Our Net Promoter Score is 74. So what?

A big thank you to everyone who completed the IT Performance Company Customer Survey. The results are in and here’s our Net Promoter Score compared with a clutch of IT Services companies:

IT Performance Company Customer Survey August 2013 of 31 respondents
compared with Temkin Group Q1 2012 Tech Vendor NPS Benchmark Survey

We can say, hand on heart, that our lovely survey respondents gave us a better Net Promoter Score (NPS) than 800 US IT professionals gave IBM IT Services last year. What does that tell us? Is this a valid comparison? Is NPS useful for internal IT providers?

The Net Promoter Score is undoubtedly fashionable at the moment and the market awareness driven by Satmetrix and Bain & Company seems to have endowed it with some credibility. According to Google Trends, interest is still on the increase.

Google Trends Web Search Interest and Forecast for 'Net Promoter Score'

The Net Promoter Score has its critics too. Wikipedia covers some of the arguments and Customer Champions have a nicely balanced article. It's right for measures to be held up for scrutiny, especially when attempting to use NPS to predict financial performance or benchmark disjoint groups (as with our example above). Equally we shouldn’t obsess about data quality perfection because the presence of types of error doesn’t invalidate the measure as long we interpret it in context coupled with cause-effect improvement action.
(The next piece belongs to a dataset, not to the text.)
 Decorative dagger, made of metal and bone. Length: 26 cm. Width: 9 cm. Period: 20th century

NPS is derived from the response to the so-called ‘Ultimate Question’ :  “How likely are you (on a scale of 0-10) to recommend our company/product/service to your friends and colleagues?”. Respondents who score you a 9 or 10 are ‘Promoters’, those giving you 0-6 are ‘Detractors’ and the 7-8 are ‘Passives’. The % of Promoters minus the % Detractors yields the NPS score on a scale of -100 to +100.
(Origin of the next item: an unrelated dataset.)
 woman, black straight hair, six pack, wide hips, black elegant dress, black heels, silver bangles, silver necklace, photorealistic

The recommendation question itself is powerful because it goes beyond satisfaction and loyalty to seek a measure of active advocacy. Customers are being asked if they would ‘sell’ on your behalf and in doing so make a prediction about the outcome and put their own reputation on the line. In essence they are expressing their confidence that you will do a good job and not embarrass them.
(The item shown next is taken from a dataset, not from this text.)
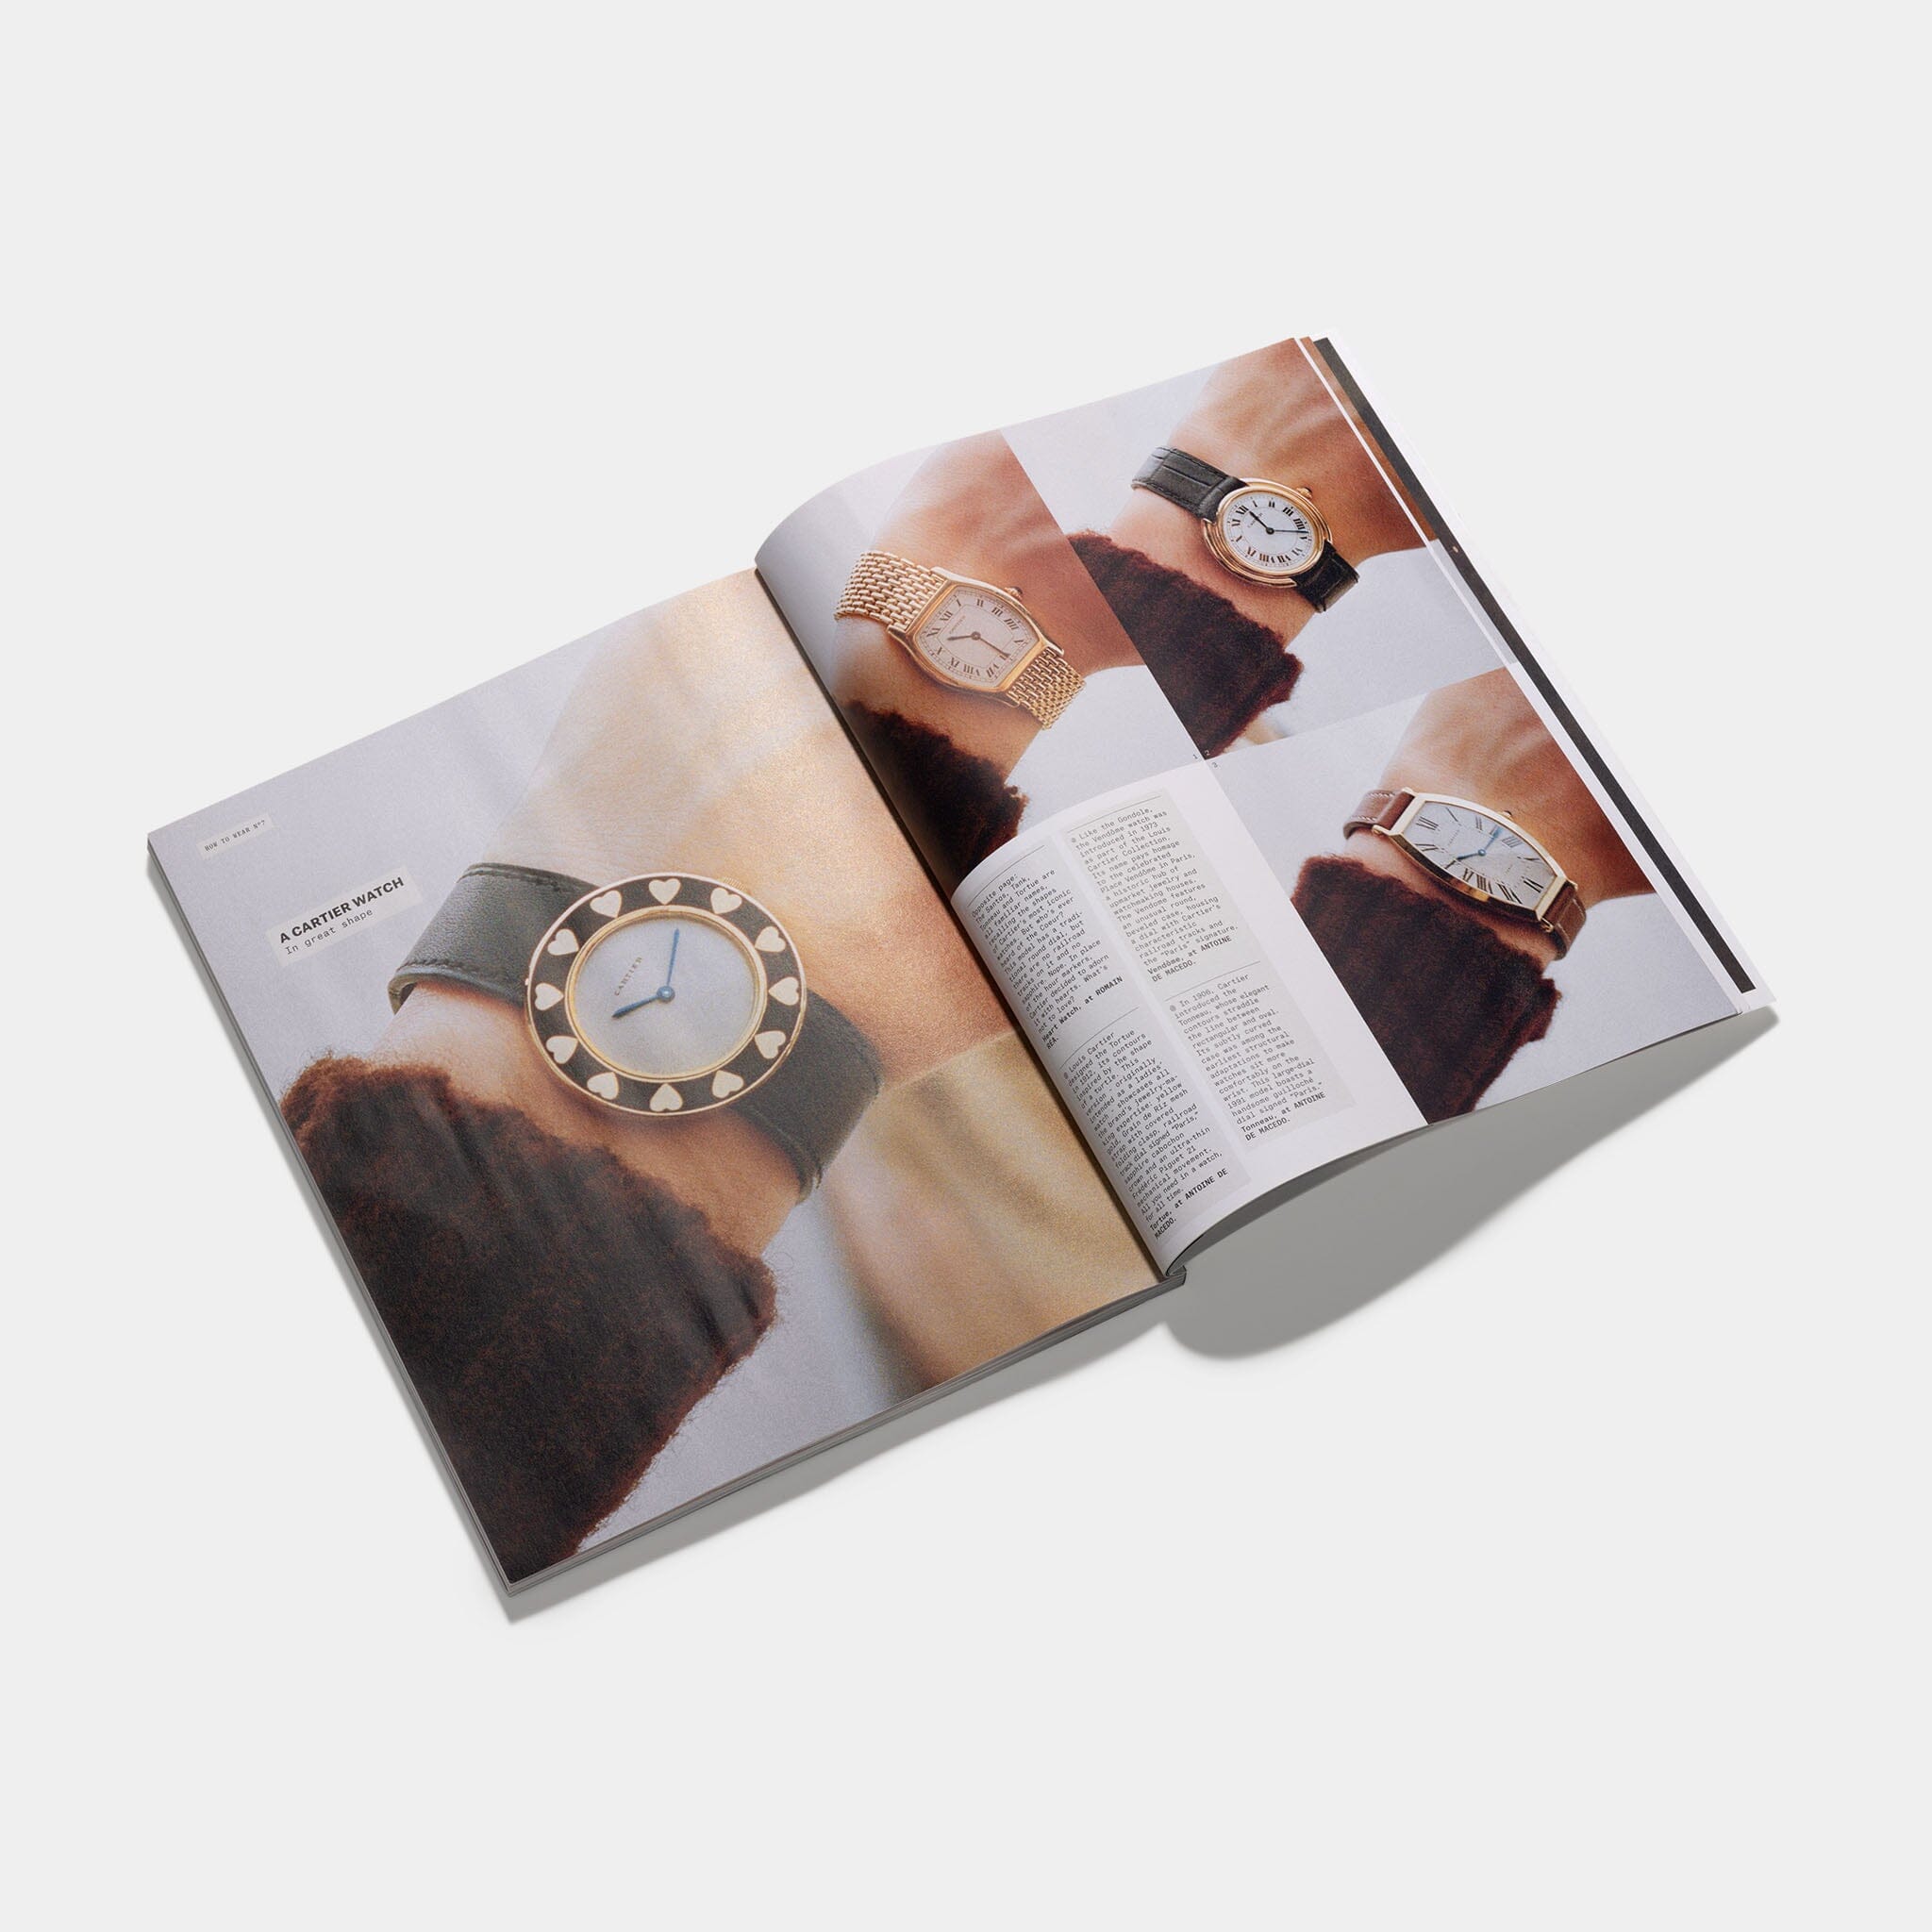 Cartier Watch special in L'Etiquette 11 Fashion Magazine

Its very, very hard to get an NPS of 100 because even those who score you an 8 don’t get counted and the scale is very heavily weighted towards the Detractor buckets. The aggregate NPS score throws away the Likert Scale resolution so it's important to look at the distribution of scores, ours for example:

Distribution of Responses to 'Likely to recommend' question
in IT Performance Company Customer Survey August 2013 of 31 respondents.

Would we have shared this chart if there had been any Detractors? The point is that having both an aggregate comparator score and a differentiating scale yields useful insight from a single recommendation question. The insight is richer still if a second qualifying question is asked about what could have been done better eg. “What would have made you score us higher?”.

I’d expect all enlightened internal or external IT providers running ‘IT as a business’ to have some strategic customer objectives. These may be coated in slippery management-speak which needs to be scraped off to expose an observable performance result. See StacyBarr’s post on weasel words.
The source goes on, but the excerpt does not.